Consequences of the Multivariate Mean Value Theorem (MMVT)
An interesting result emerges when $q=p=k$. In this setting, the MMVT has the following form:
\begin{equation} ||f(x) - f(y)||_k \leq \sup_{z\in[x,y]}||f'(z)||_{(k,k)}||x-y||_k \end{equation}
With $||f'(z)||_{(k,k)} = ||[\nabla f_1(z),...,\nabla f_n(z)]||_k$, where $[\nabla f_1(z),...,\nabla f_n(z)]$ is the gradient of each of the output variables with respect to the domain variables concatenated together. Thus the properties of the matrix derivative evaluated at points between $x$ and $y$ gives an indication of whether the function $f(x)$ is a contractive map for points $x$ and $y$.
I believe that if the map is contractive for the $L_k$ norm for some specific $k\in \mathbb{Z}^+$ then it is contractive for all $k\in \mathbb{Z}^+$, but it might be something interesting to show or find a counterexample.
Another interesting consequence is, specifying $q=1$, then the expression for the MMVT is given by:
\begin{equation} ||f(x) - f(y)||_1 \leq \sup_{z\in[x,y]}||f'(z)||_{(1,p)}||x-y||_p \end{equation}
Where $||f'(z)||_{(1,p)} = \sum_{i=1}^n||\nabla f_i(z)||_p$
Indicating that the $L_1$ norm of $||f(x) - f(y)||_1$ is bounded above by the sum of the gradients of the output variables with respect to the domain variables.
That is, if the gradients of $f_i(z)$ for $i\in\{1,...,m\}$ are sufficiently small, and the points $x$ and $y$ are sufficiently close together, then the $m$ elements of $f(x)$ and $f(y)$ have a tendency to be shrunken close to each other.
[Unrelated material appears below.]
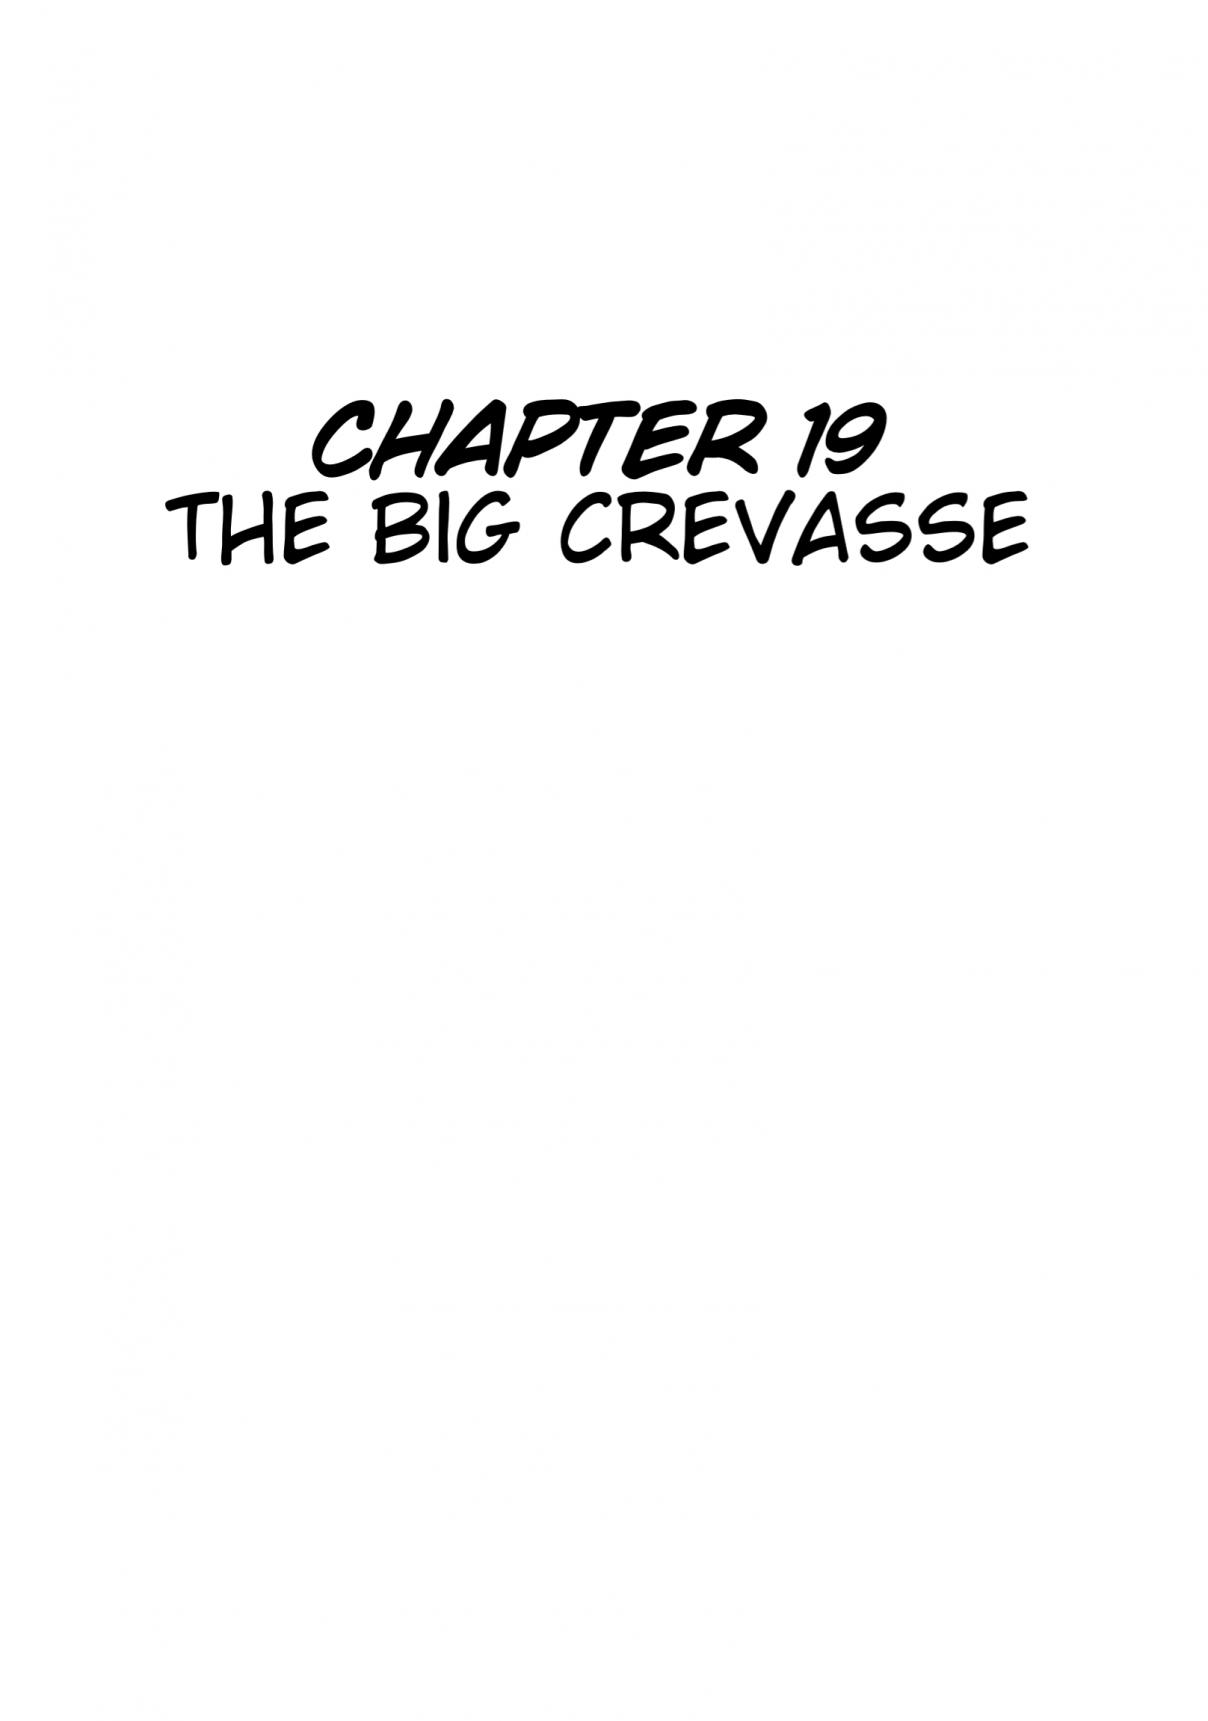 Jungle Emperor Leo Vol. 3 Ch. 19 The Big Crevasse

This is a consequence of the $L_1$ norm on the difference.
Finally, if $q = \infty$, we get the following result for the MMVT:
\begin{equation} ||f(x) - f(y)||_\infty \leq \sup_{z\in[x,y]}||f'(z)||_{(\infty,p)}||x-y||_p \end{equation}
With $||f'(z)||_{(\infty,p)} = \max_{i \in \{1,...,m\}}||\nabla f_i(z)||_p$.
This expression indicates that the output variable $j = \max_{j} |f_j(x) - f_j(y)|$, which is the largest difference between $f(x)$ and $f(y)$ along any individual dimension, is bounded above by a function involving the maximum $L_p$ norm of the $m$ gradients. Note that the norm of the gradient involves all dimensions, and $L_\infty$ norm on $f(x) - f(y)$ involves only the maximal difference along an individual dimension.
Interesting Point
The three previous results are interesting when you consider unit vectors around the origin. That is $x = 0$ and $||y||_p = 1$.
Utilizing those restrictions on $x$ and $y$ gives us that the the projection of the unit ball under $f$ is contained in the $L_q$-ball with radius provided by some functions of the gradient evaluated along $\overleftarrow{y}$. Which seems obvious, but this setting gives some mathematical tractability for it.